Though they many not require many lines of code, framebuffers (or, really, their associated memory) can take up surprising amounts of GPU memory.

Imagine a game whose post-processing pipeline requires access to the position (in an GL_RGB32F floating point texture), normal (in an GL_RGB10_A2 fixed-point texture), and color value (in an GL_RGB16F floating point texture for high dynamic range) associated with each pixel. How many bytes of GPU memory are required to store these textures given a 4k (3840 x 2160) output resolution?

If the game is running at 60Hz, how many bytes per second of memory write bandwidth are required to store these buffers to GPU memory each frame?

(This number should give you a hint as to why graphics cards generally include faster memory than that generally used as main system memory.)

Imagine that an enterprising programmer with a many-core processor decides to run post-process filters on the host CPU rather than on the GPU, by transferring these buffers from GPU memory to host memory each frame, running a CPU-based post-processing pass, and then transferring the result (say, an 32-bit-per-channel floating point RGB image) back to the GPU for display. Why might this cause problems if the programmer's GPU is connected via a PCIe 3.0 16x link (15.754GB/sec of transfer bandwidth)?

As crazy as it seems, this is actually a technique folks used in (some) Playstation 3 games, because its Cell processor architecture includes an array of very fast co-processors along with a dedicated GPU. (And because it wasn't pushing 4k frames around.)

Small Notes

Different framebuffer objects can reference the same attachments! This can be useful in order to share memory (e.g., for screen-sized temporary storage locations) between rendering steps.

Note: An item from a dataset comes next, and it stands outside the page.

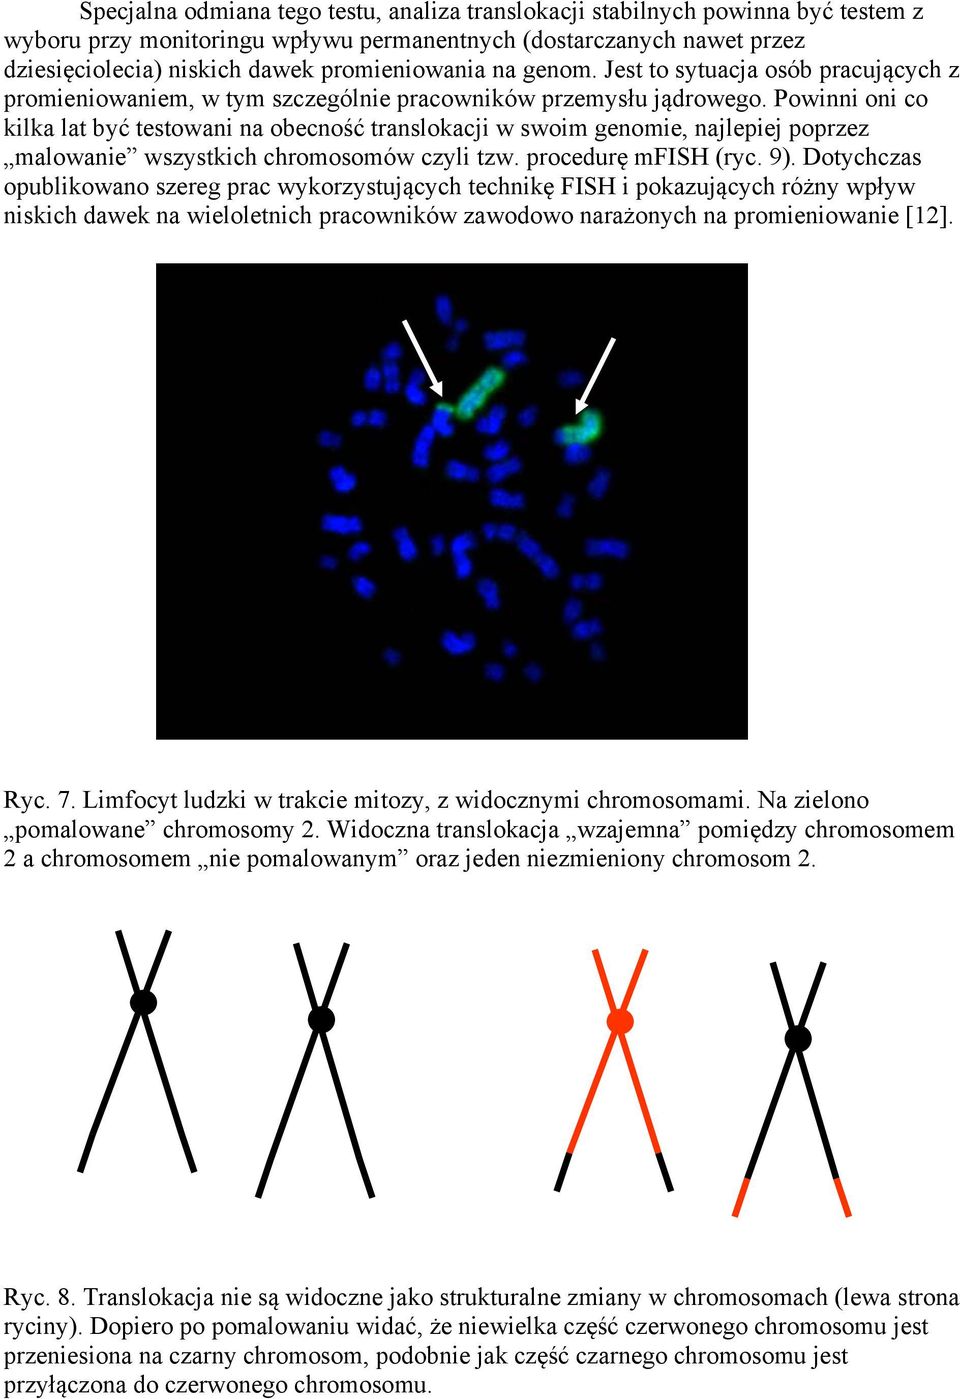 Powinni oni co kilka lat być testowani na obecność translokacji w swoim genomie, najlepiej poprzez malowanie wszystkich chromosomów czyli tzw. procedurę mfish (ryc. 9).

Drawing into a framebuffer which is also being used as a source texture during the drawing has undefined behavior! (To see why this is hard notice that it could -- e.g. -- make the order of fragment processing observable; something which the specification takes pains to otherwise avoid.) This means that when your code is processing a texture it needs to output the processing result into a different texture, "ping-pong-ing" between buffers for each processing step.

An Example: HDR Rendering

I have prepared an example of using off-screen rendering to do some simple HDR (high-dynamic-range) rendering with a "glow" or "bloom" effect. This code is available at https://github.com/15-466/15-466-f20-framebuffer.

I encourage you to explore the code and play with the shaders to generate different effects.

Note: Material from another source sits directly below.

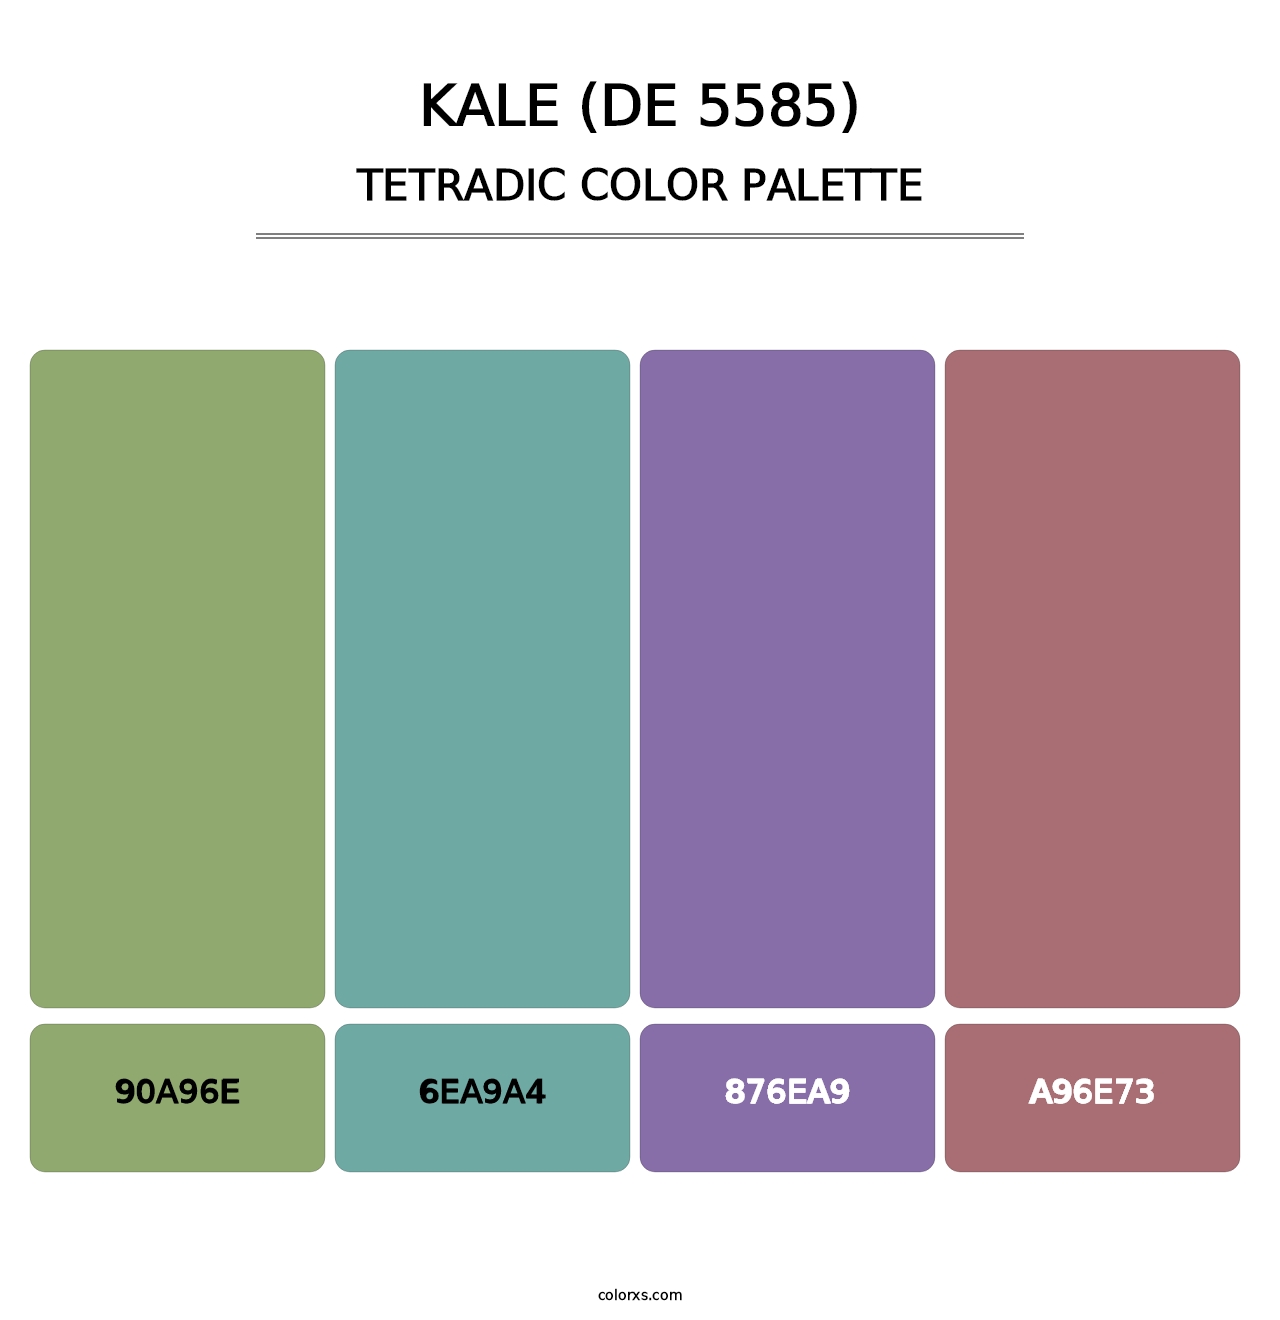 Kale (DE 5585) - Tetradic Color Palette

Experiment with the ToneMapProgram shader.

Make a version of the shader that does something really weird to the colors in the scene, and paste the relevant shader code below:

Make a version of the shader that highlights edges (pixels with large color differences with their neighbors). (HINT: you may need to add additional texelFetch calls.) Paste the relevant shader code below:

Final Remarks

The use of offscreen rendering is pervasive in modern real-time graphics because it allows the use of rasterization and shading hardware on GPUs to compute all sorts of rendering effects that aren't directly rendered as part of the main scene. These can be as simple as rendering separate viewpoints and as complex as running physics on particle systems. (And, importantly, using all this compute without requiring communication back to system memory.)

Recent GPUs go even further than offscreen rendering by offering "compute shaders", which can directly read and write memory buffers. These are convenient because -- among other capabilities -- they enable scatter-style memory access rather than just the gather-style access offered by fragment shaders.

The idea of framebuffer objects that store references to memory in textures and renderbuffers should remind you of a similar situation involving to vertex buffers and vertex array objects.

How do vertex buffer objects and vertex array objects relate and what are they used for?